Welcome @ajcaldelas!

It looks like this is your first PR to kubernetes/enhancements 🎉. Please refer to our pull request process documentation to help your PR have a smooth ride to approval.

You will be prompted by a bot to use commands during the review process. Do not be afraid to follow the prompts! It is okay to experiment. Here is the bot commands documentation.

You can also check if kubernetes/enhancements has its own contribution guidelines.

You may want to refer to our testing guide if you run into trouble with your tests not passing.

If you are having difficulty getting your pull request seen, please follow the recommended escalation practices. Also, for tips and tricks in the contribution process you may want to read the Kubernetes contributor cheat sheet. We want to make sure your contribution gets all the attention it needs!
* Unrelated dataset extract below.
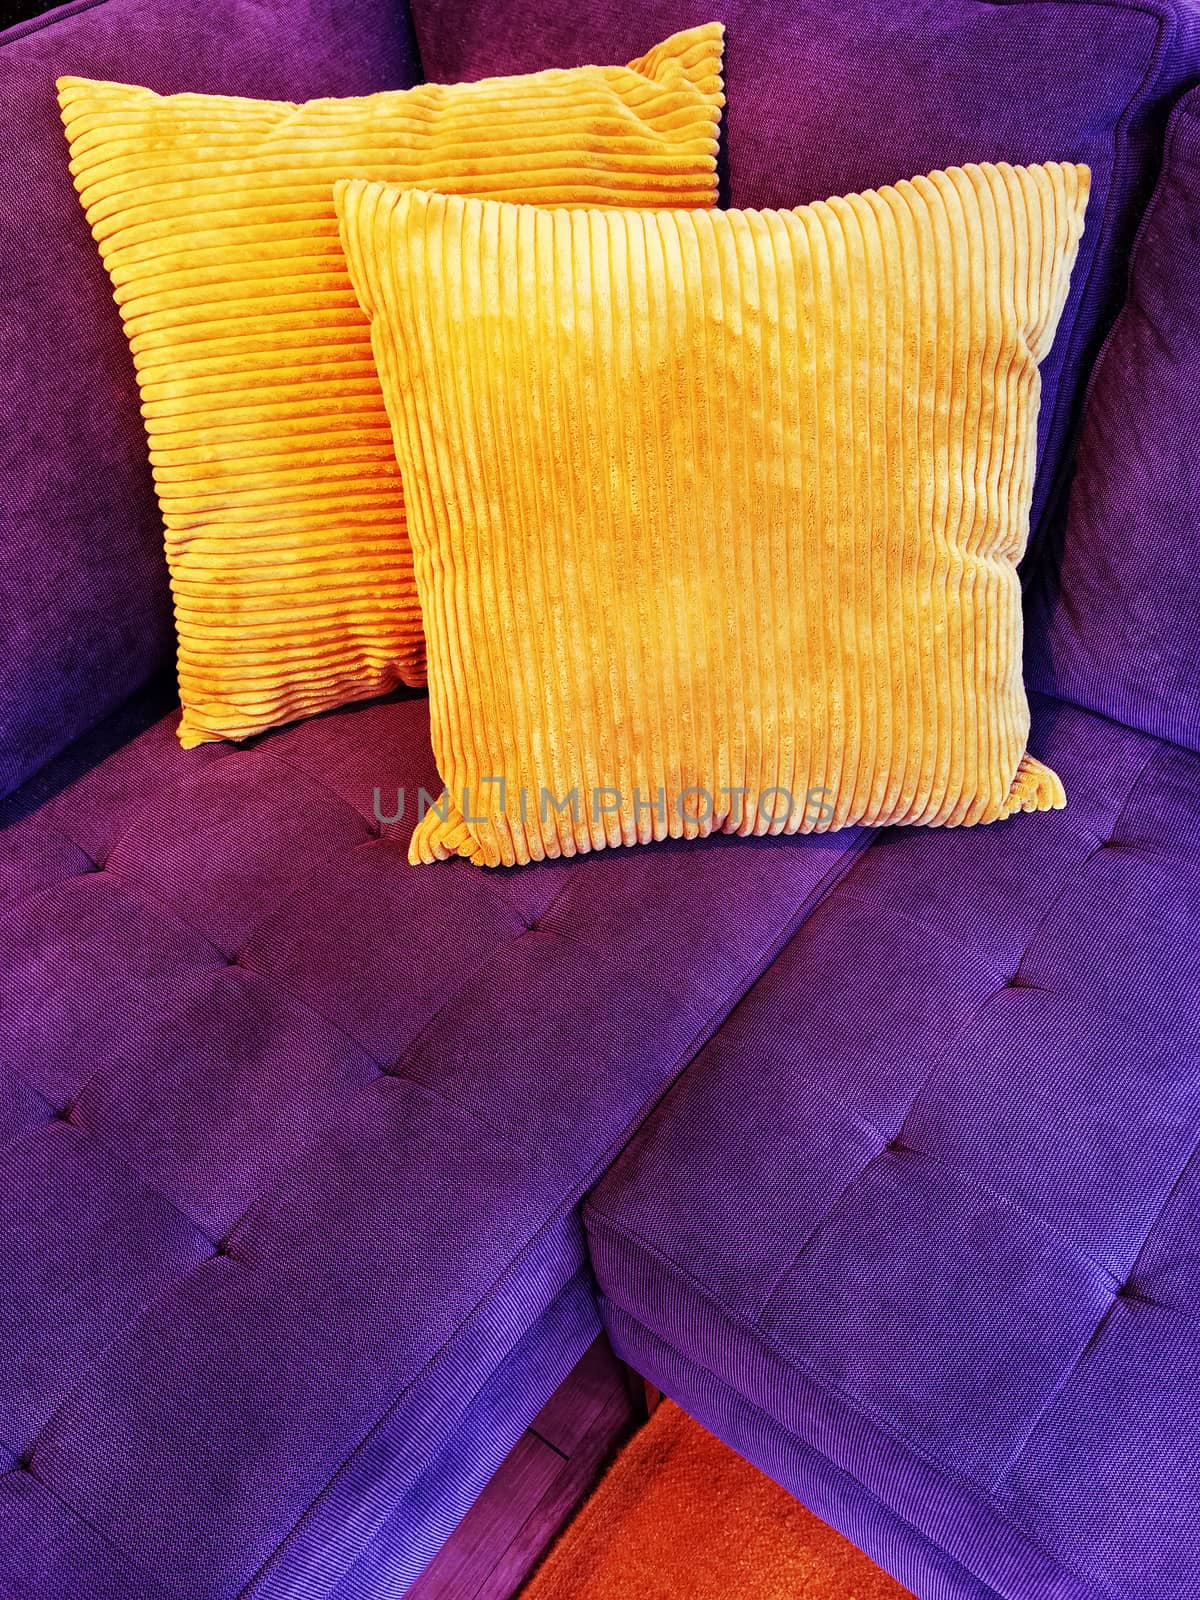 Vibrant purple sofa with orange cushions by anikasalsera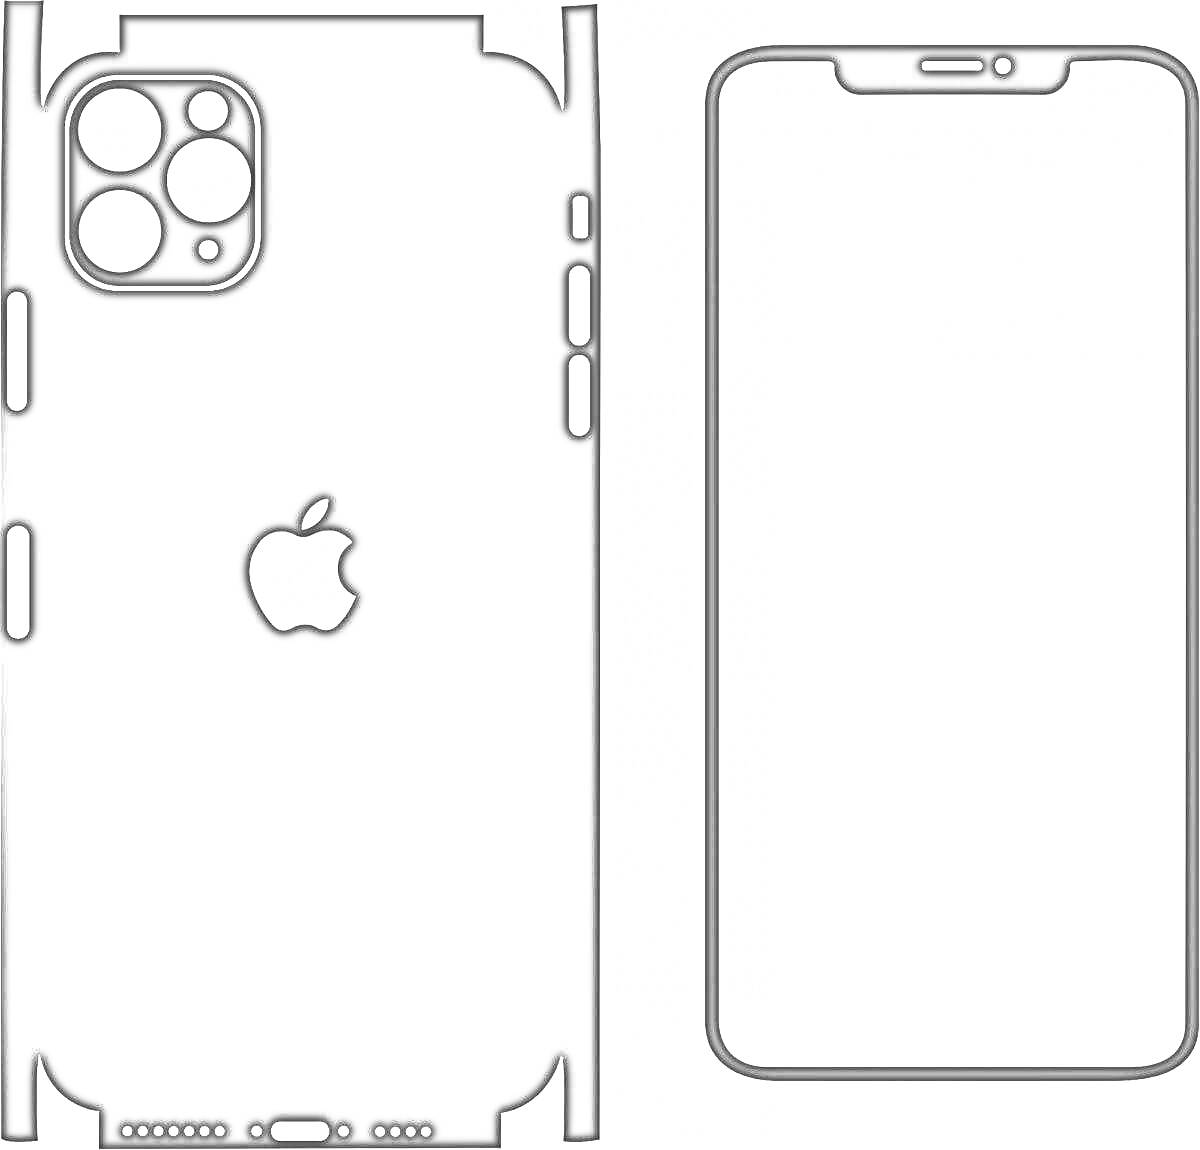 Раскраска Черно-белая раскраска iPhone 13 Pro Max с логотипом Apple и контурами камеры и экрана

Thank you, and welcome to Kubernetes. 😃

k8s-ci-robot · 2024-08-27T17:30:26Z

Hi @ajcaldelas. Thanks for your PR.

I'm waiting for a kubernetes member to verify that this patch is reasonable to test. If it is, they should reply with /ok-to-test on its own line. Until that is done, I will not automatically test new commits in this PR, but the usual testing commands by org members will still work. Regular contributors should join the org to skip this step.

Once the patch is verified, the new status will be reflected by the ok-to-test label.

I understand the commands that are listed here.

Instructions for interacting with me using PR comments are available here. If you have questions or suggestions related to my behavior, please file an issue against the kubernetes-sigs/prow repository.

kannon92 · 2024-08-27T17:32:21Z

/cc

/ok-to-test

keps/sig-node/4800-cpumanager-split-l3cache/kep.yaml

keps/sig-node/4800-cpumanager-split-l3cache/README.md

k8s-ci-robot · 2024-08-29T16:15:01Z

[APPROVALNOTIFIER] This PR is NOT APPROVED

This pull-request has been approved by: ajcaldelas
Once this PR has been reviewed and has the lgtm label, please assign jpbetz, mrunalp for approval. For more information see the Kubernetes Code Review Process.

The full list of commands accepted by this bot can be found here.

Needs approval from an approver in each of these files:

keps/prod-readiness/OWNERS
keps/sig-node/OWNERS

Approvers can indicate their approval by writing /approve in a comment
Approvers can cancel approval by writing /approve cancel in a comment

keps/sig-node/4800-cpumanager-split-l3cache/README.md

kannon92 · 2024-08-30T13:22:08Z

keps/sig-node/4800-cpumanager-split-l3cache/README.md

+
+###### How can this feature be enabled / disabled in a live cluster?
+
+Cannot be dynamically enabled/disabled because of the CPU Manager state


Is this true? So the only way to enable this feature is to create a node with these settings?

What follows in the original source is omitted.